PIROUETTE (Black Mask Studios – Miller / Granda)
Raised from infancy by duplicitous clowns who entertain by day and menace by night, Pirouette dreams of washing the paint from her face and escaping to a better life far away from her cruel adoptive circus family.
A smile is only skin deep… and the makeup hides the bruises.
This isn’t the story you’re going to want to read if you’re looking to recapture childhood memories of the circus. In Pirouette’s closed off world, the circus is the trap pulled over her head like a burlap sack. Circus society is laid open like a raw wound, poked and prodded until it starts to ooze.
Uncomfortable? Good, that’s what I was going for. You see, the story of Pirouette, a young clown who asks the question, “Is this really all there is?” isn’t a lighthearted romp. Unless you’re Stephen King. Maybe Clive Barker.

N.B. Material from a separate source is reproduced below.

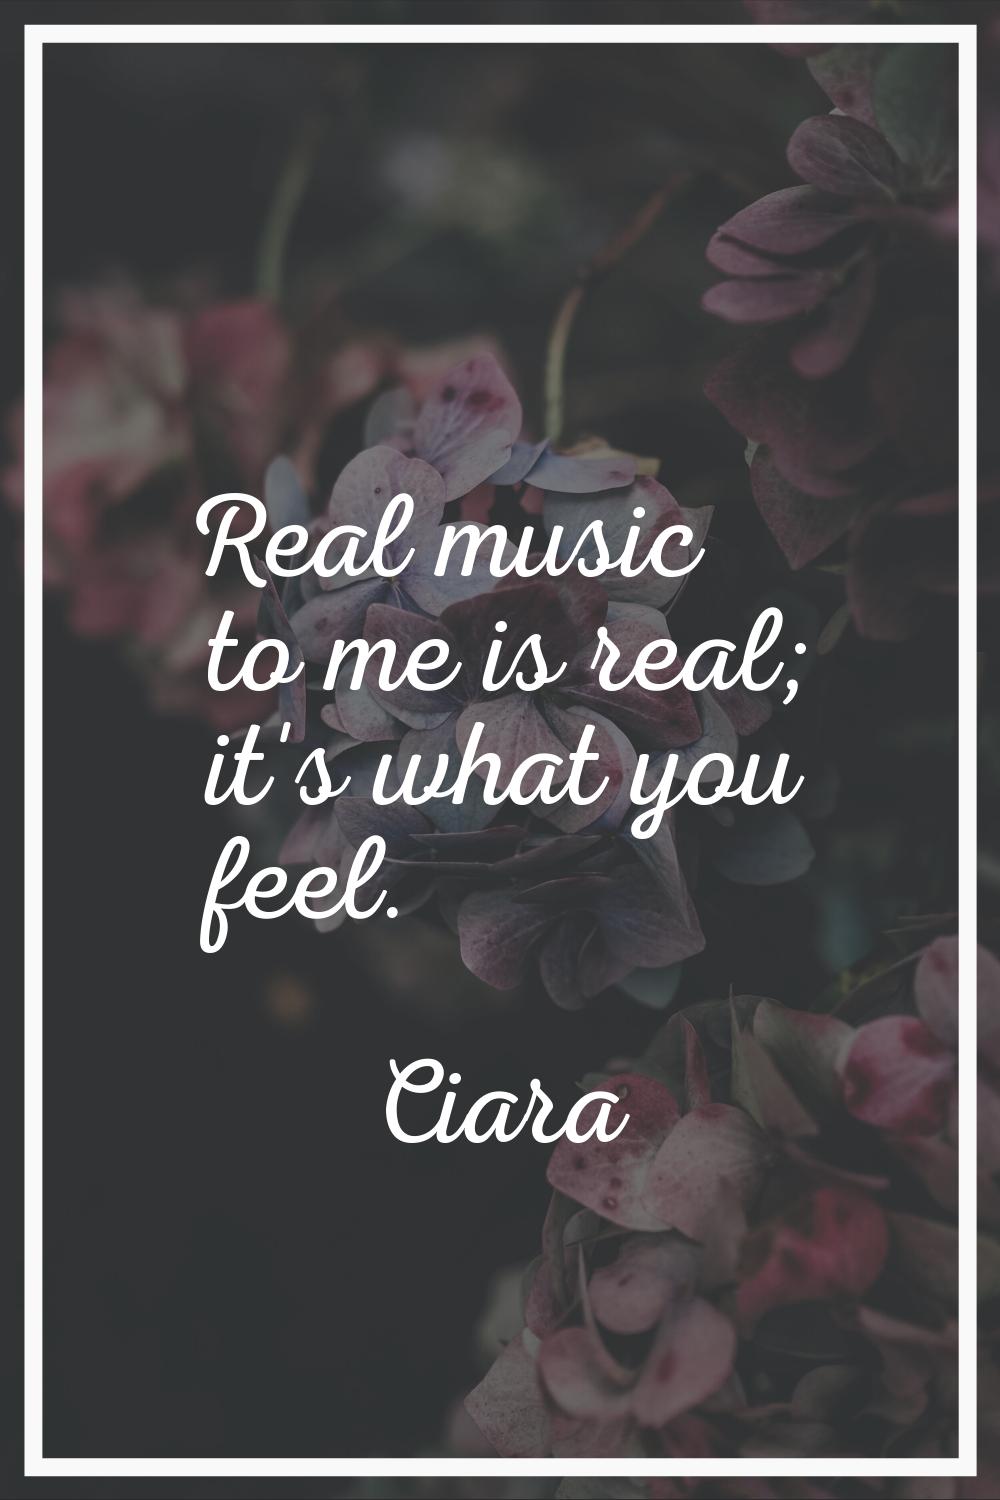 Real music to me is real; it's what you feel.

Pirouette’s story is one of forgotten loss and all too familiar pain. She’s a bright spot in a dingy setting, delighting to the cheers and laughter of the crowd, but she knows that she can be more. Unfortunately, “more” isn’t what adopted father, “the Duke”, wants from her. What he wants is a clown, smiling and cavorting while his minions work the crowd and pick pockets. What he wants is to maintain the lines in his world. Pirouette is a clown, and clowns belong on the ground, not lost in daydreams of flying free.
The story is very well written… the characters all have obvious histories, of which we’re only treated to a taste. It’s dark, but there’s the definite sense that there’s a purpose behind it. The artwork- and make no mistake, the drawing here is art- is outstanding. The character detail is meticulously done, and no emotion escapes notice.
This isn’t mindless escapism, so make sure you keep your head on straight while you’re reading… or “the Duke” might just take an interest in you and you’ll end up a part of his world for good.